TOKYO — Cuban-born American hairstylist Oribe Canales is known to have 1,000 people on his salon’s waiting list. From the runway to the red carpet, anything he touches commands the spotlight.
Japanese consumer goods maker Kao hopes to attain a similar status in the cosmetics industry. In December, the company announced it will purchase the celebrity stylist’s namesake brand, Oribe Hair Care, for an estimated 50 billion yen ($441 million). For Kao, known for its conservative management style, it is the priciest foreign acquisition yet.
“It looks like a daring move,” a senior executive from a rival maker said, following Kao’s announcement. The decision surprised investors, too. During morning trading after the Dec. 21 announcement, Kao shares fell 1.4% as concerns grew over the possibility that the deal would be a financial burden.
Despite the worries, Kao is betting big on Oribe, hoping the brand can jump-start its struggling cosmetics business.
Founded by Canales in 2008, Oribe Hair Care sells high-end hair care products primarily to beauty salons. Pricey items — around $40 to $90 for a bottle of shampoo — are popular among wealthy American consumers. But despite the brand’s reputation as the “Rolls Royce” of hair care, its most recent sales figure, estimated at around $100 million annually, is less than promising.
Meanwhile, Kao is performing solidly overall, thanks largely to strong sales of its mainstay products, such as disposable diapers and detergents. The Japanese maker expects to log a record profit of 200 billion yen or so in operating profit for the year through December. Kao shares are trading at around their all-time high.
Oribe Canales
In contrast, the maker’s beauty care segment, including skin care and other cosmetics, is a drag on performance. For the first half of 2017, the beauty business logged 4.1 billion yen in losses, with an operating margin ratio at 8.1%, well below the entire business’ 12.2%. Kao’s overseas hair care business is also slumping.
Missing the boat
Generally, the cosmetics market is booming in Japan, with Shiseido and Kose posting record profits as they leverage the popularity of their luxury brands.

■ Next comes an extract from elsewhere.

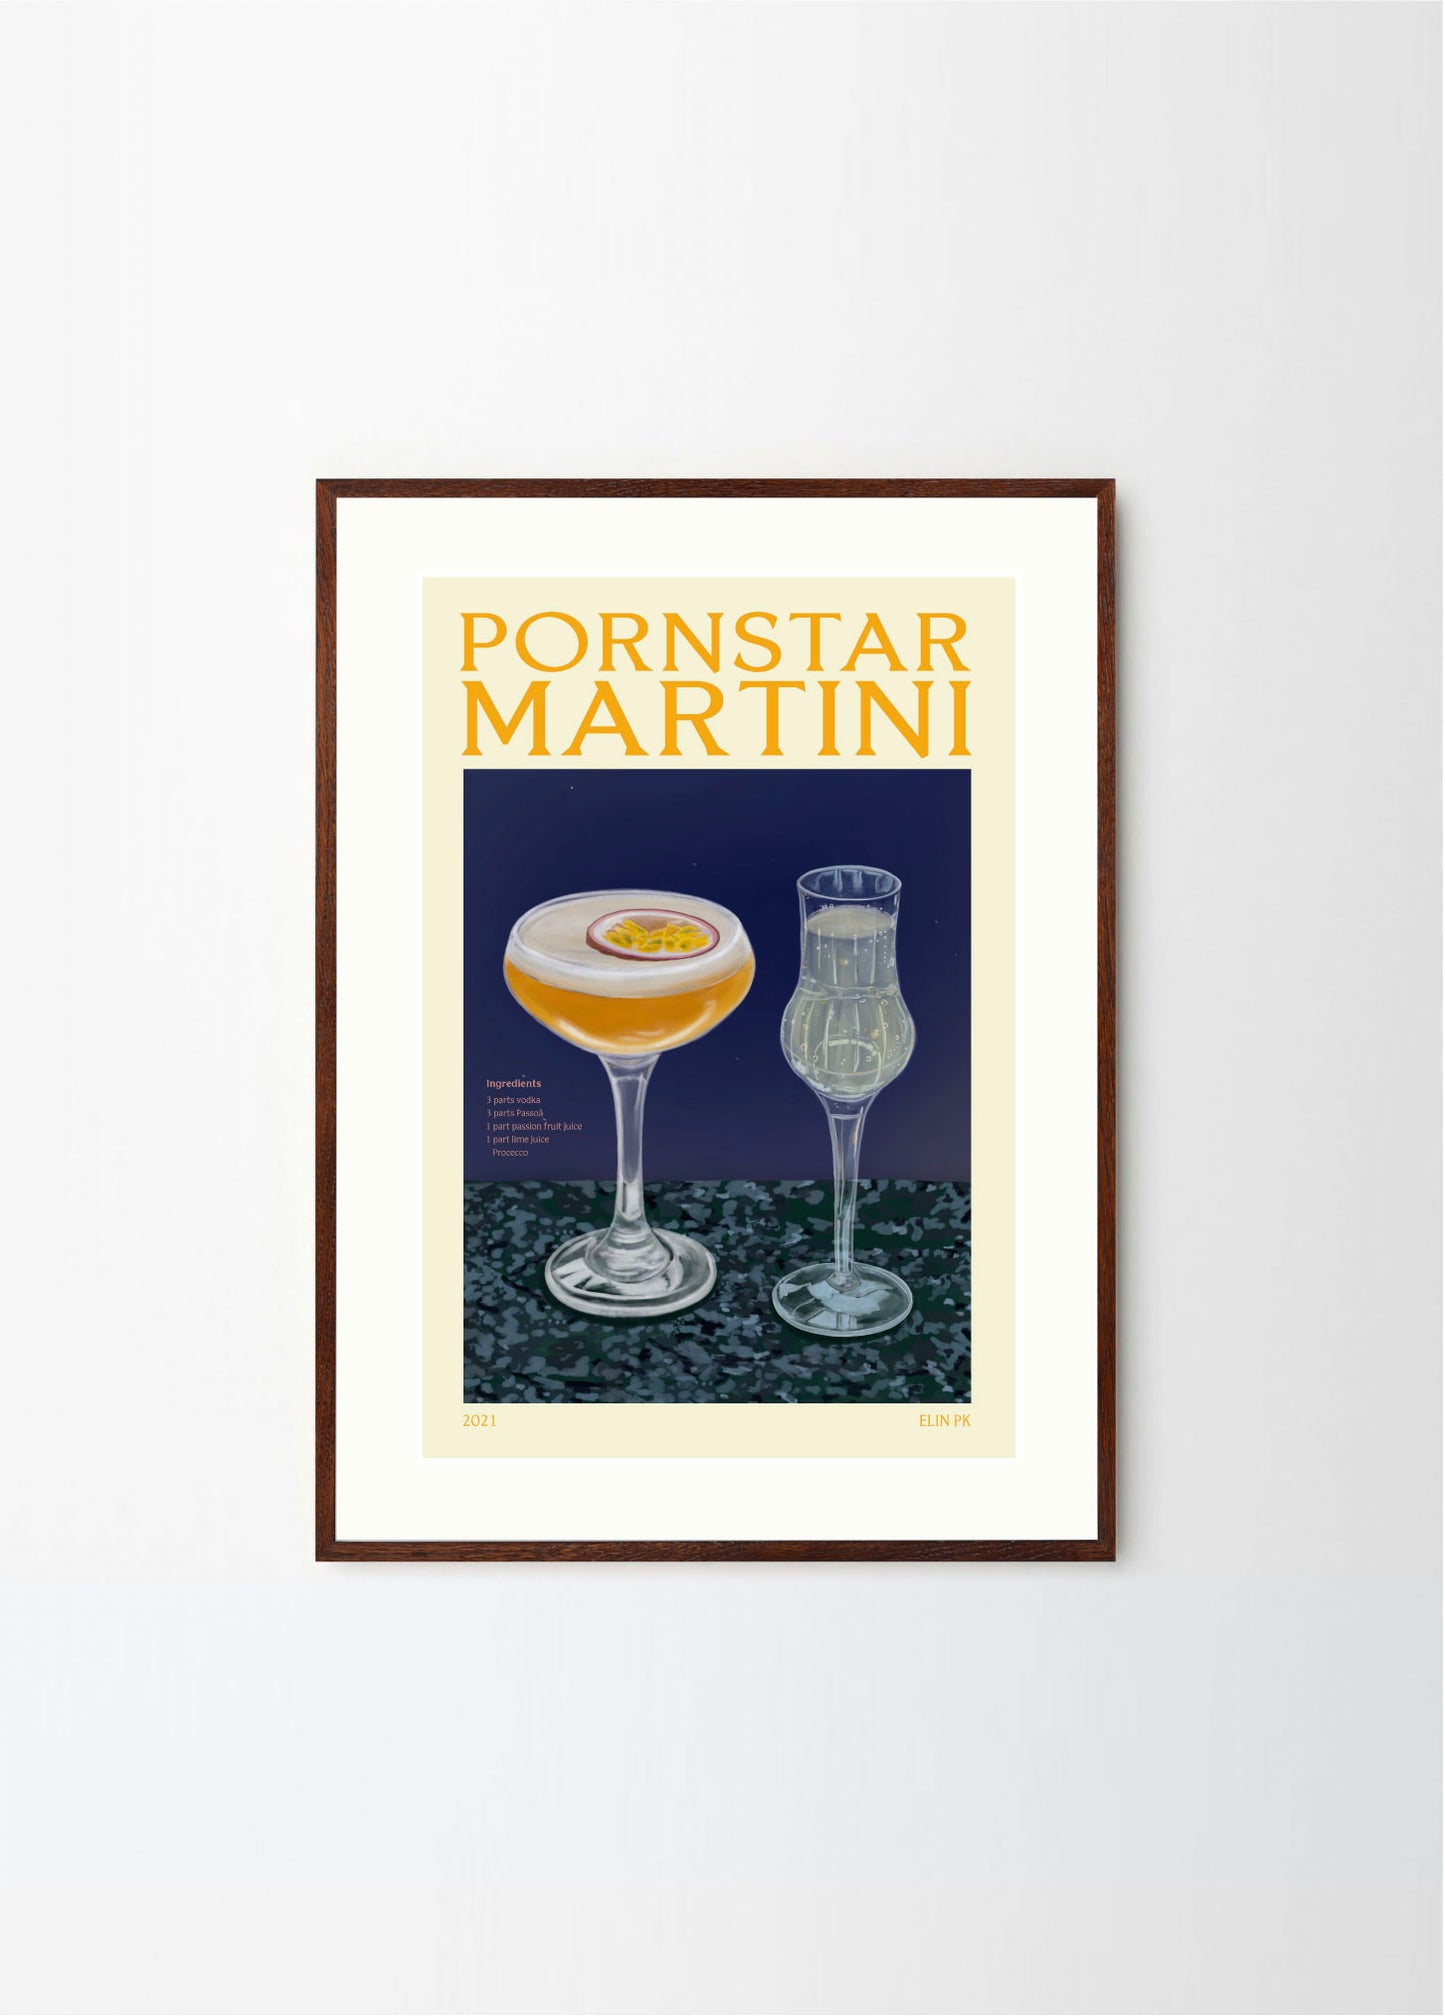 Pornstar Martini

“Our business has not fully caught up with changing consumer preferences,” said Kao President and CEO Michitaka Sawada during a media briefing in August. Sawada also said the business was analyzing financial reports of rivals for the past 10 years, trying to identify differences with Kao.
Kao has been successfully growing its low- and mid-tier global brands of detergents and other consumer goods, but is lagging in cosmetics. To shore up this side of its business, Kao began aggressively buying foreign brands from 2000 and later, and acquired struggling domestic rival Kanebo Cosmetics in 2006.
Since then, Kao has avoided large acquistions in the consumer goods sector, in part to focus on putting the Kanebo brand on track. But the expected synergy that Kanebo was supposed to bring has not materialized.
Kao wants to raise its operating margin ratio to higher than 17% by 2030, from about 11% in 2015. Sawada is aiming to place Kao among the top three global consumer goods brands, after American giant Procter & Gamble and Anglo-Dutch conglomerate Unilever, both of which have market capitalization seven times and five times larger than Kao, respectively. The ambitious goals would not be realized without growth in its beauty care business.